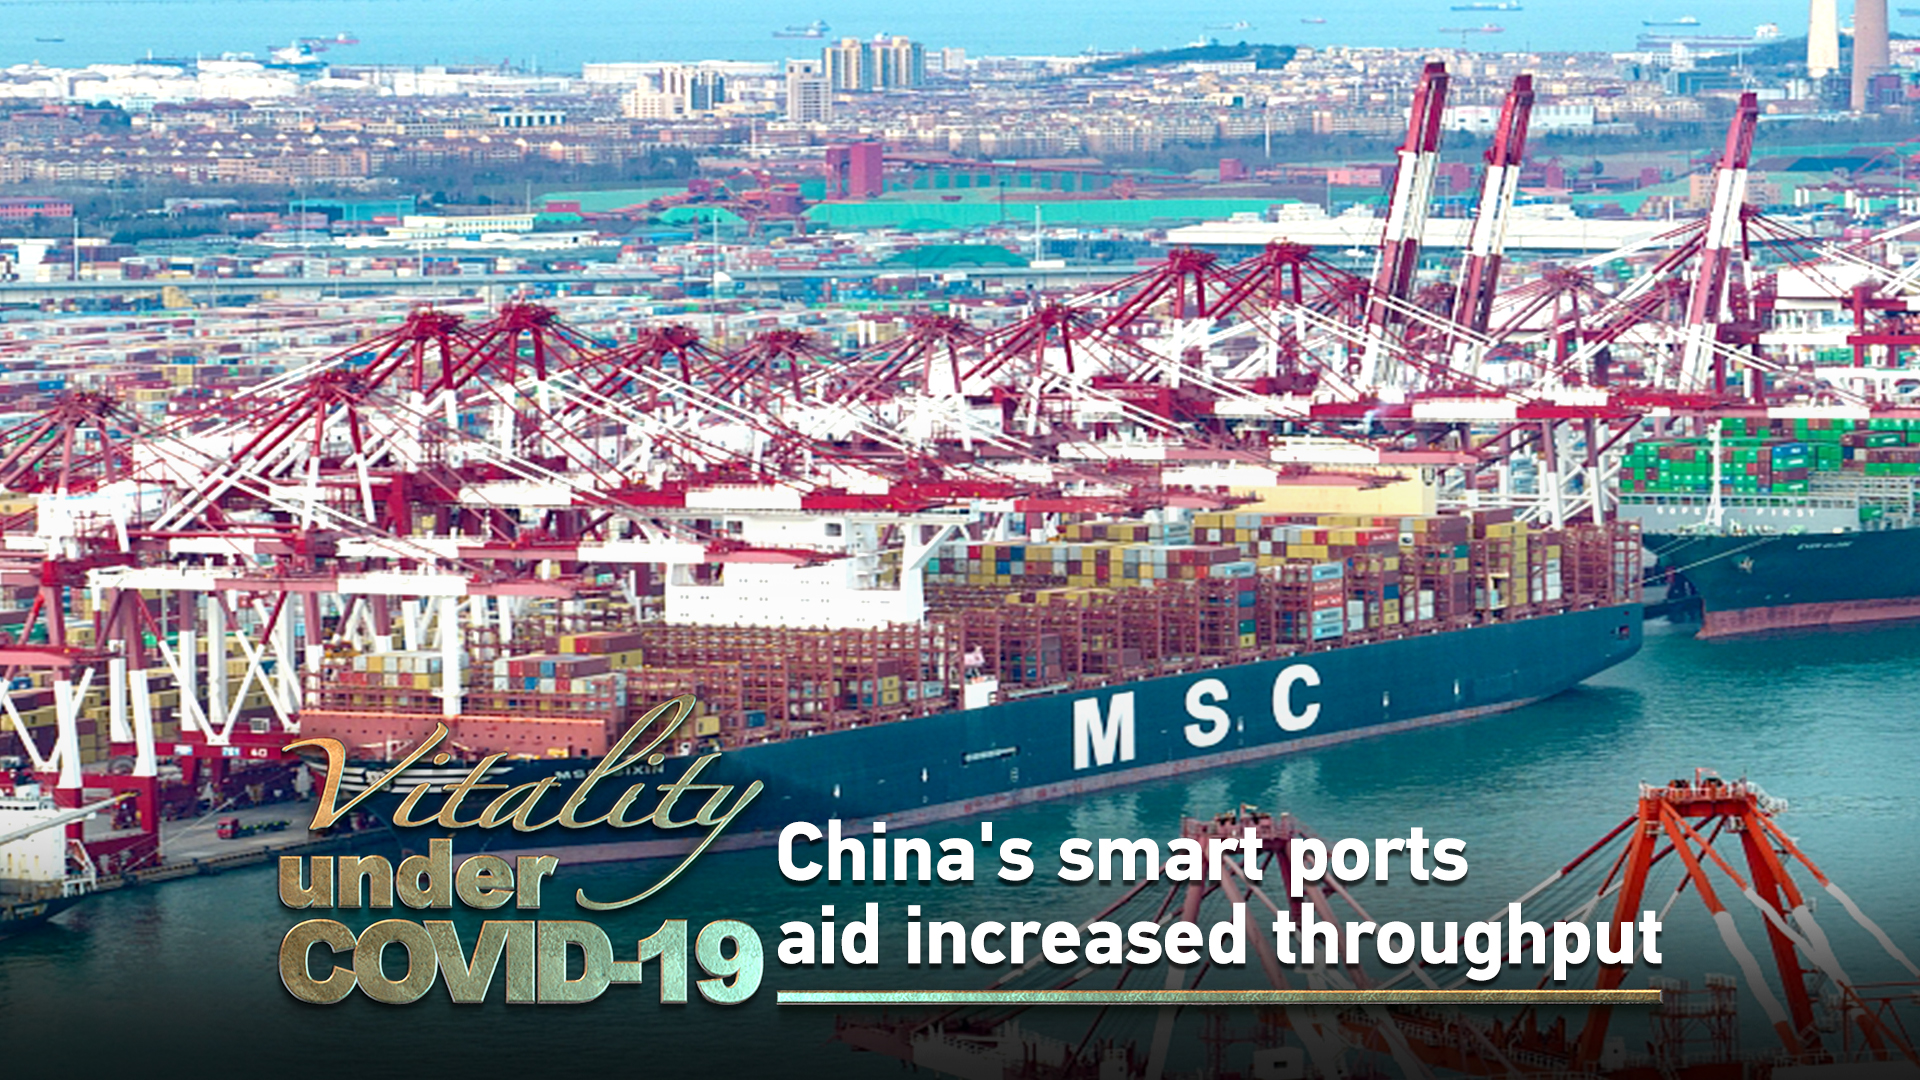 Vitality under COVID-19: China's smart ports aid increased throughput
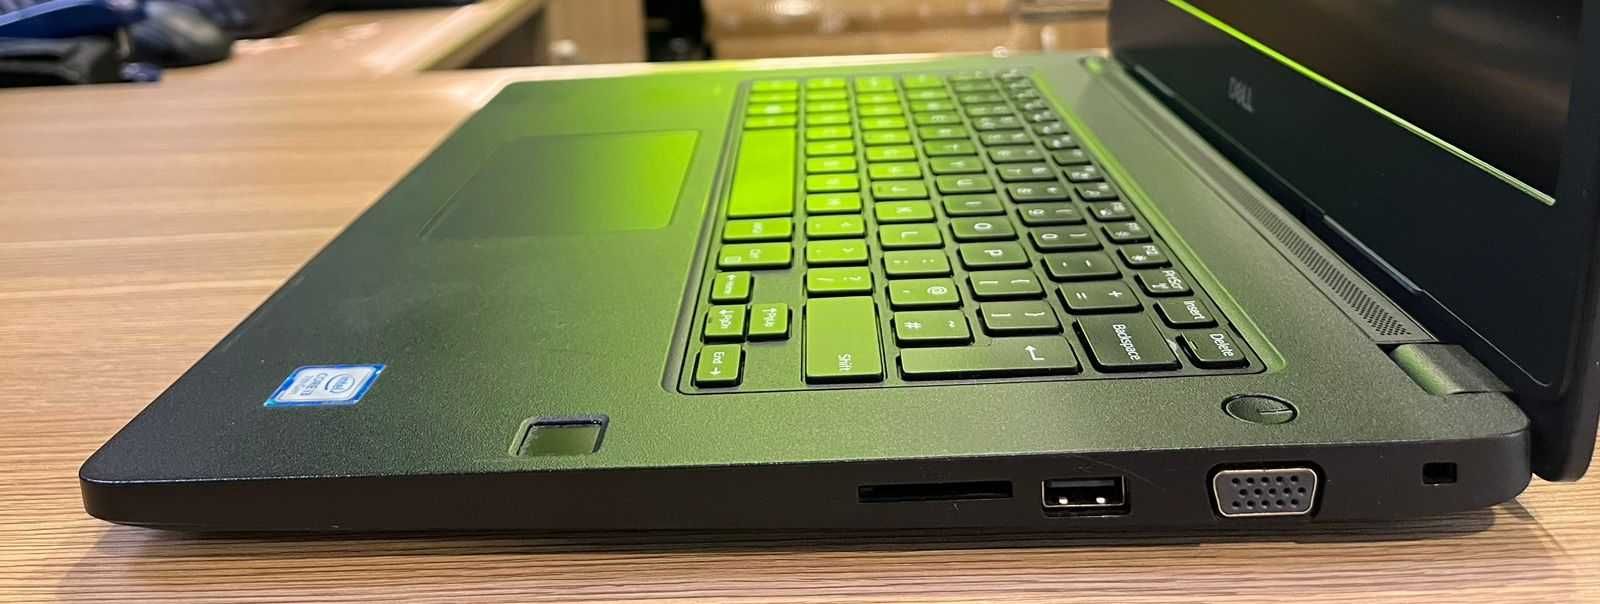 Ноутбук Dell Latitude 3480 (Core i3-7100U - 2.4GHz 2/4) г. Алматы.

* * *

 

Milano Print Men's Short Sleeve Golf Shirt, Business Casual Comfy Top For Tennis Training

→ **WORK INSTRUCTION**: In the data above, the stretch from the line with "Vitality under COVID-19: China's" through the line with "Ноутбук Dell Latitude" is to be returned exactly, minus any pictures.

→ **FINAL ANSWER**:
 Vitality under COVID-19: China's smart ports aid increased throughput
 Ноутбук Dell Latitude 3480 (Core i3-7100U - 2.4GHz 2/4) г. Алматы.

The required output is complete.